### RECORDS FOR THE TASK
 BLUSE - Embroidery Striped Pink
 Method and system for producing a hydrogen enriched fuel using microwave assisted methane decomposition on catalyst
######
### RECORDS FOR THE TASK
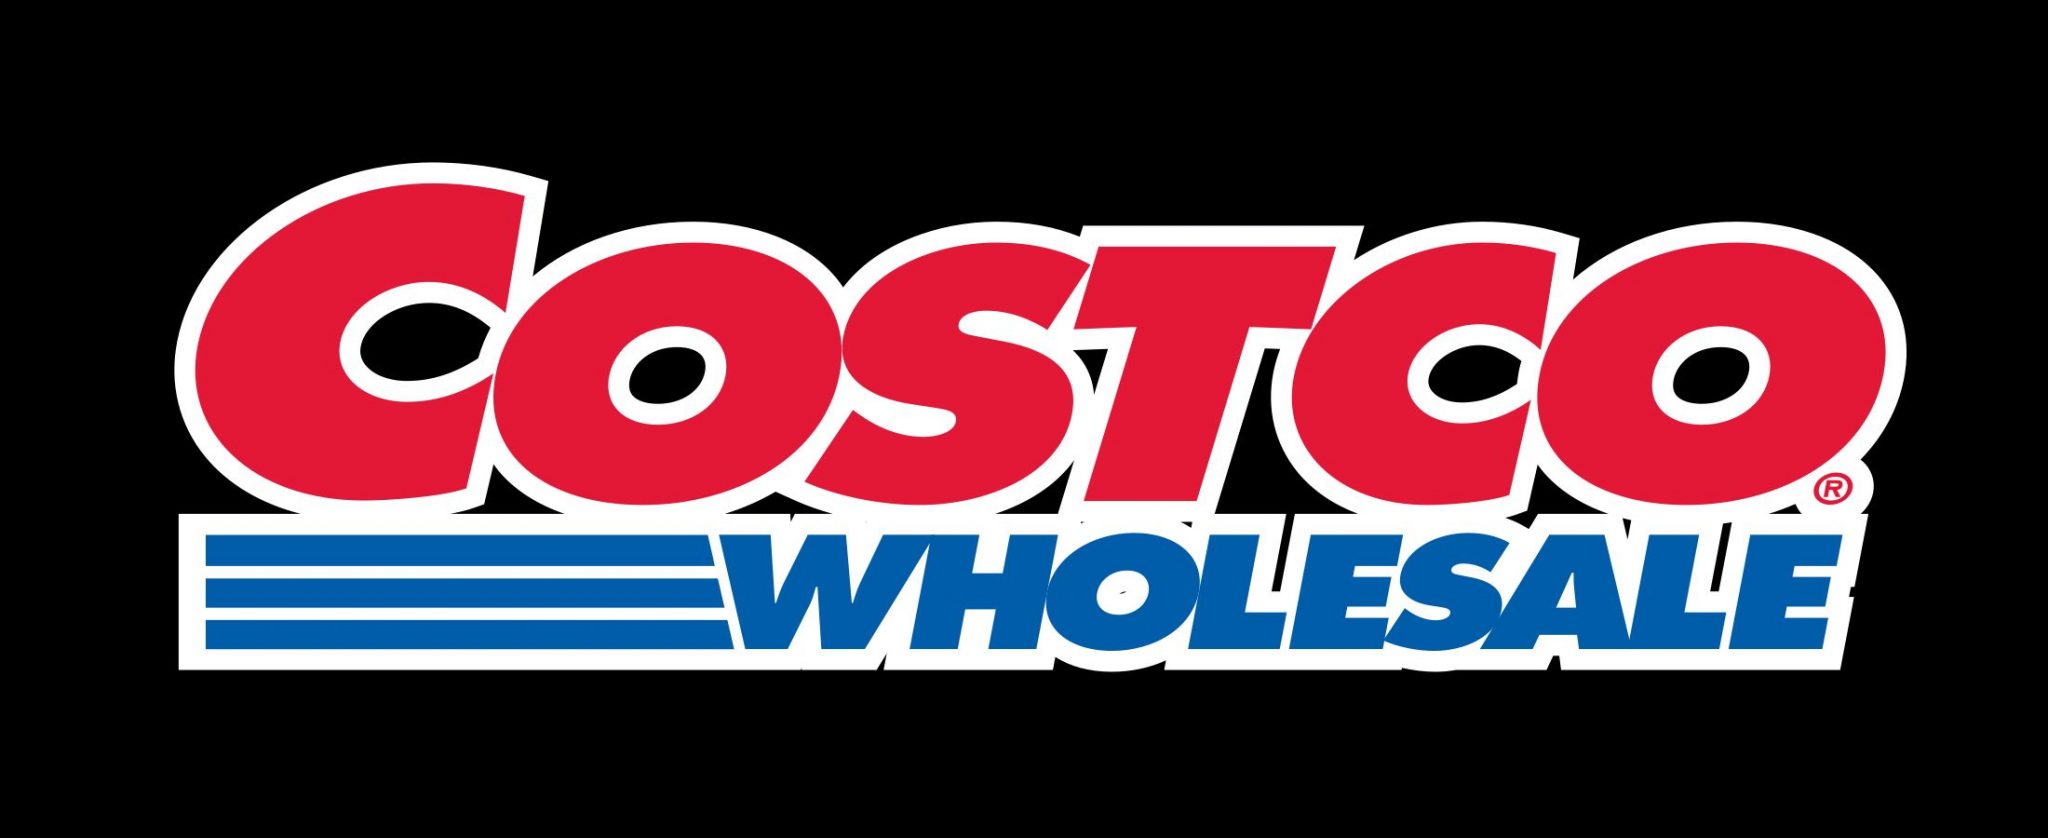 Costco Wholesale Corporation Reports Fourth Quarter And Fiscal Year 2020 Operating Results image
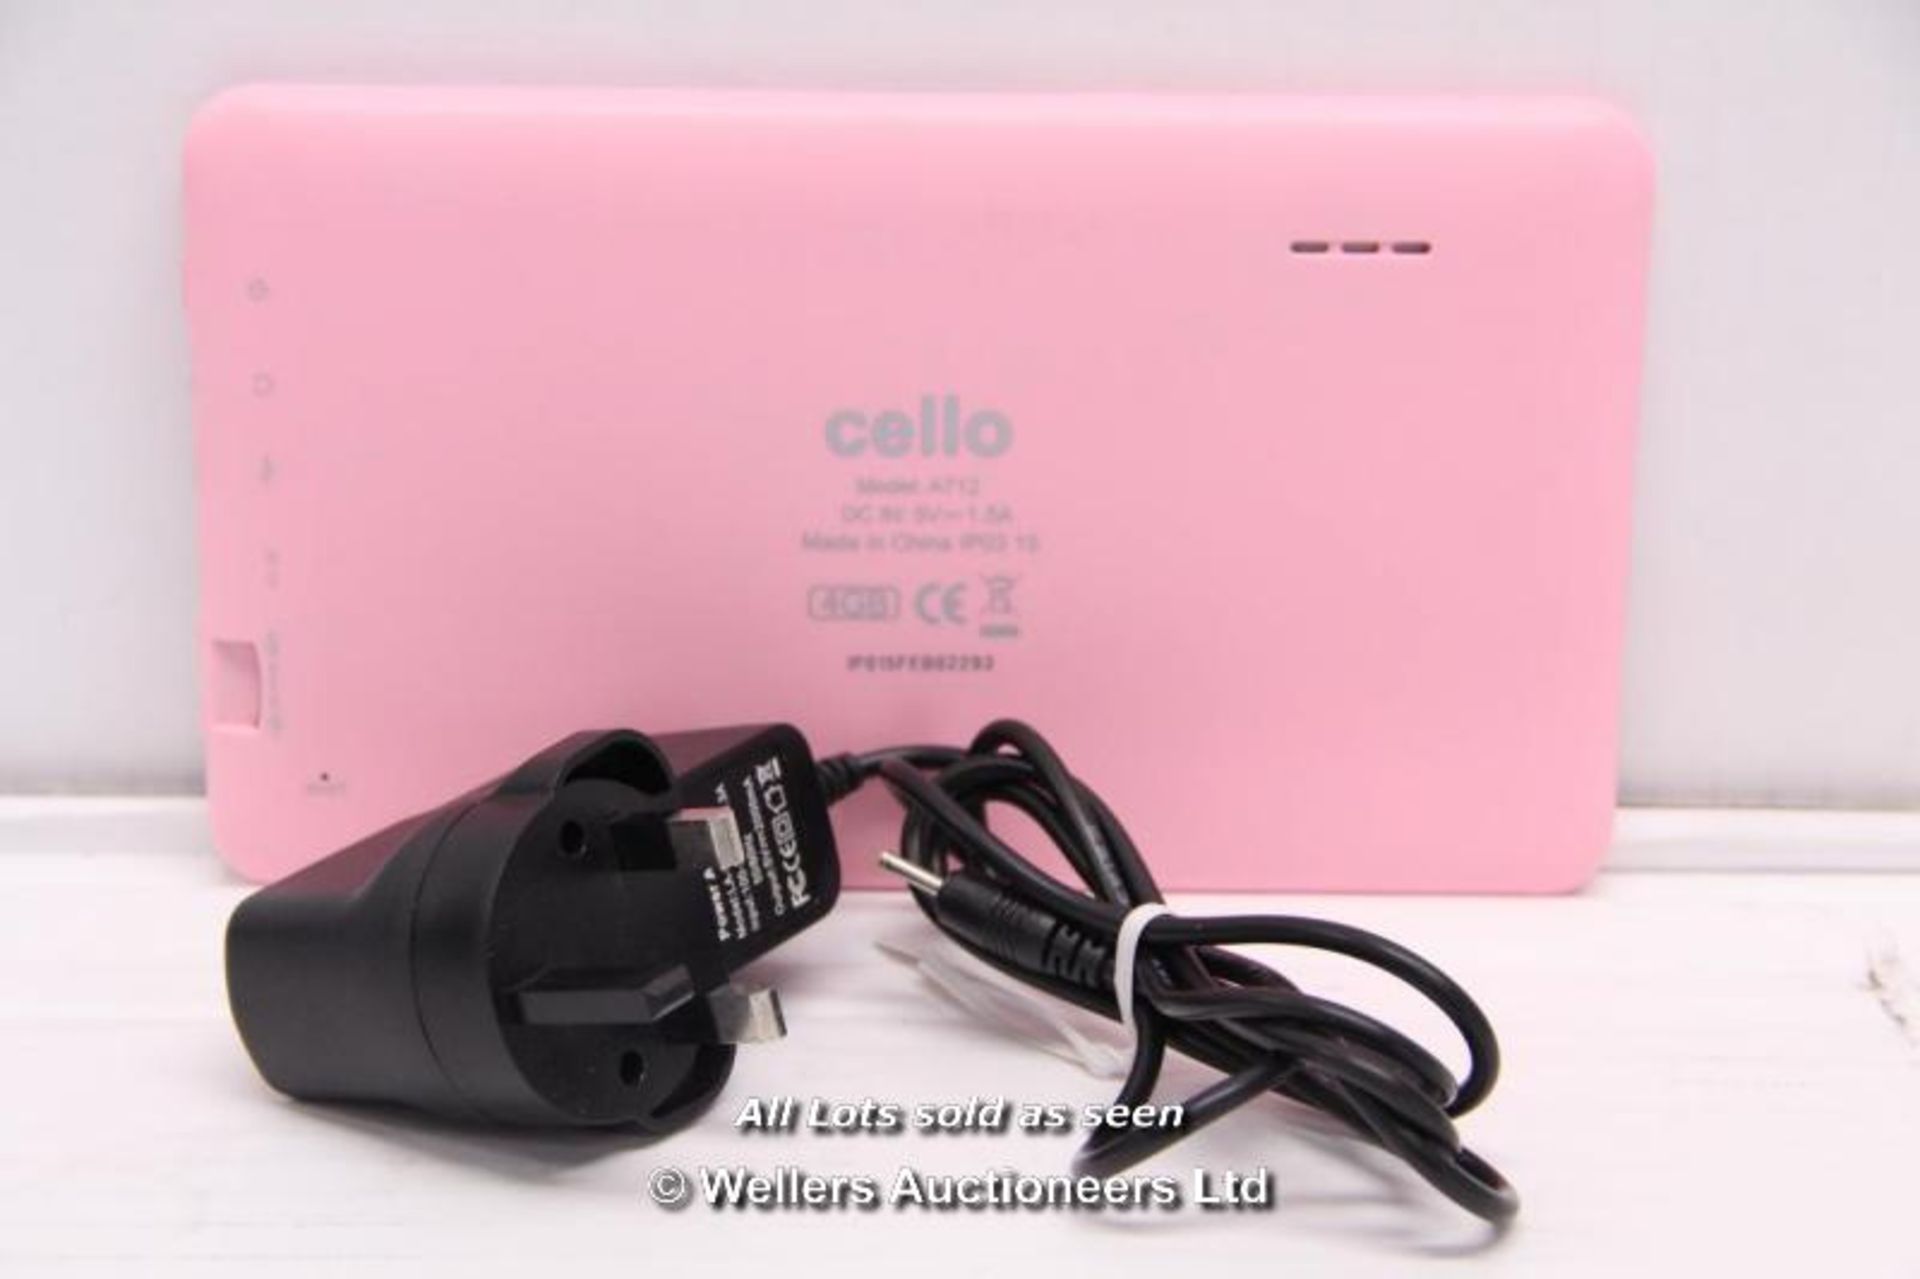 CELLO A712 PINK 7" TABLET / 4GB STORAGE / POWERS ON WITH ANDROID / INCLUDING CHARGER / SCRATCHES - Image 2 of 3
######
> **TASK**: Would you print exactly, and only, the lines of the data above from the line with "BLUSE - Embroidery Striped Pink" through the line with "Method and system", inclusive?

> **ANSWER TO THE PROBLEM**:
 BLUSE - Embroidery Striped Pink
 Method and system for producing a hydrogen enriched fuel using microwave assisted methane decomposition on catalyst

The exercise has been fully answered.